Cette demande intervient alors que l’Ukraine manque d’intercepteurs Patriot. Selon le quotidien britannique, ils constitueraient le seul moyen actuellement utilisé par Kiev pour abattre de manière sure les missiles balistiques. Les autorités ukrainiennes cherchent donc à compléter cette défense par des frappes directes contre des complexes militaires situés sur le territoire russe, une évolution qui soulève depuis longtemps à Moscou des inquiétudes liées à l’élargissement du conflit.

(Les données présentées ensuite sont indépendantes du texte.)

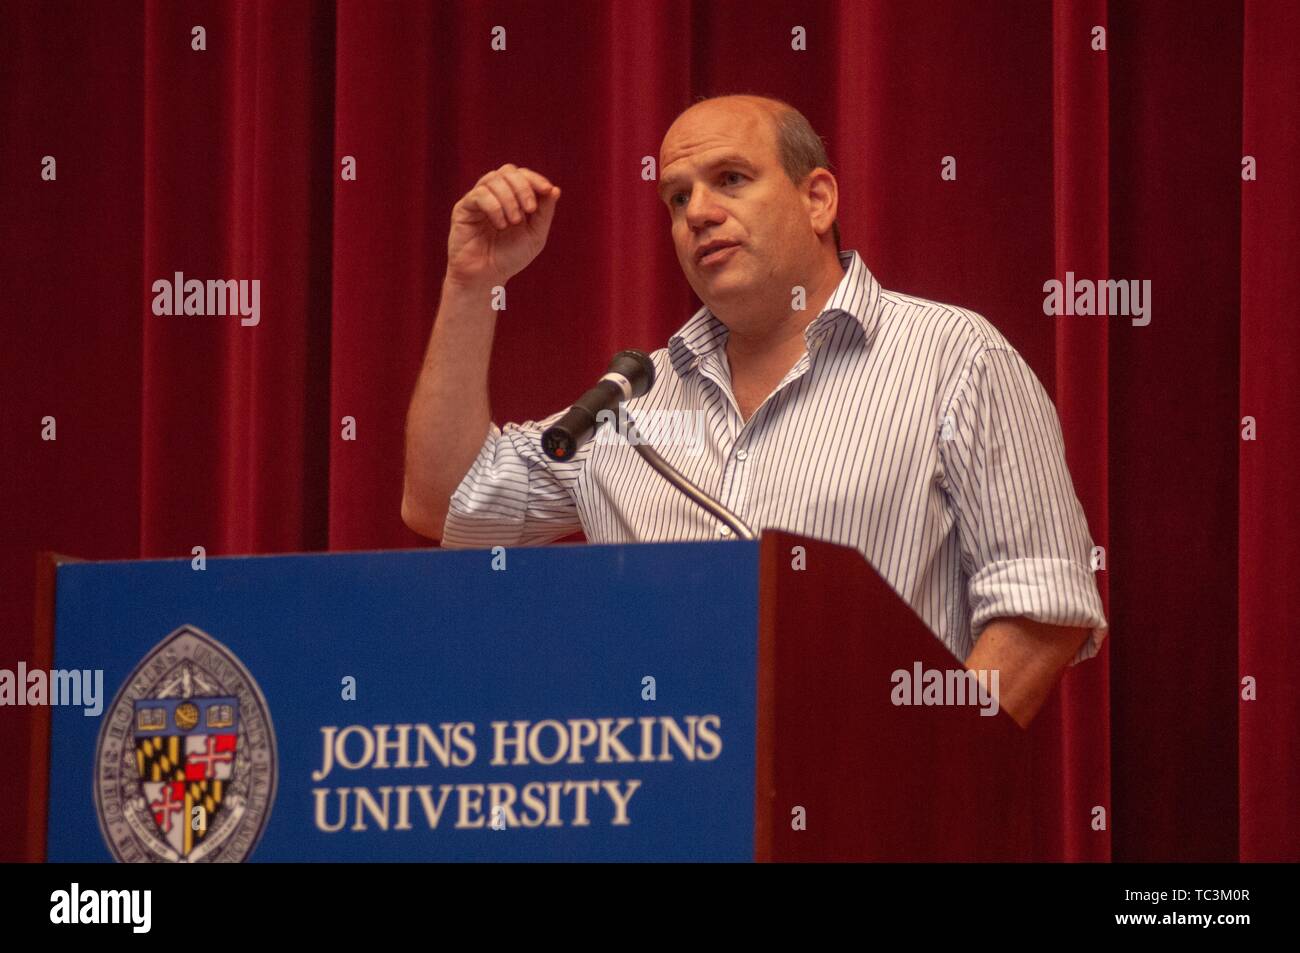 David Simon, un producteur de télévision et créateur de l'émission de télévision HBO le fil, parle sur un podium à la Johns Hopkins University, Baltimore, Maryland, le 26 septembre 2007. À partir de la collection photographique de Homewood. () Banque D'Images

Starlink au cœur des limites imposées aux frappes en Russie

Les restrictions appliquées à Starlink limitent déjà certaines opérations ukrainiennes au-delà de la frontière. Lorsque la connexion est bloquée ou indisponible sur le territoire russe, le contrôle des drones à longue distance devient difficile et les équipages doivent davantage s’appuyer sur des trajectoires programmées à l’avance.

Kiev dispose par ailleurs de moins de contacts directs avec Musk depuis le limogeage en juillet de Mykhaïlo Fedorov, qui entretenait un lien privilégié avec l’entrepreneur. Le Financial Times précise que l’ancien ministre ukrainien de la Défense continue à échanger avec Musk depuis son départ. Fedorov avait néanmoins reconnu que les discussions n’avaient pas permis d’obtenir l’autorisation recherchée par Kiev.

La question de Starlink ne concerne donc plus seulement les capacités techniques des drones ukrainiens. Elle porte aussi sur les limites qu’Elon Musk entend maintenir afin que son réseau ne soit pas utilisé pour certaines frappes menées directement en Russie. Moscou dénonce régulièrement l’extension des attaques ukrainiennes en profondeur et estime qu’elles accroissent les risques d’escalade. Les autorités russes ont également averti que de telles opérations pouvaient entraîner des réponses militaires plus importantes.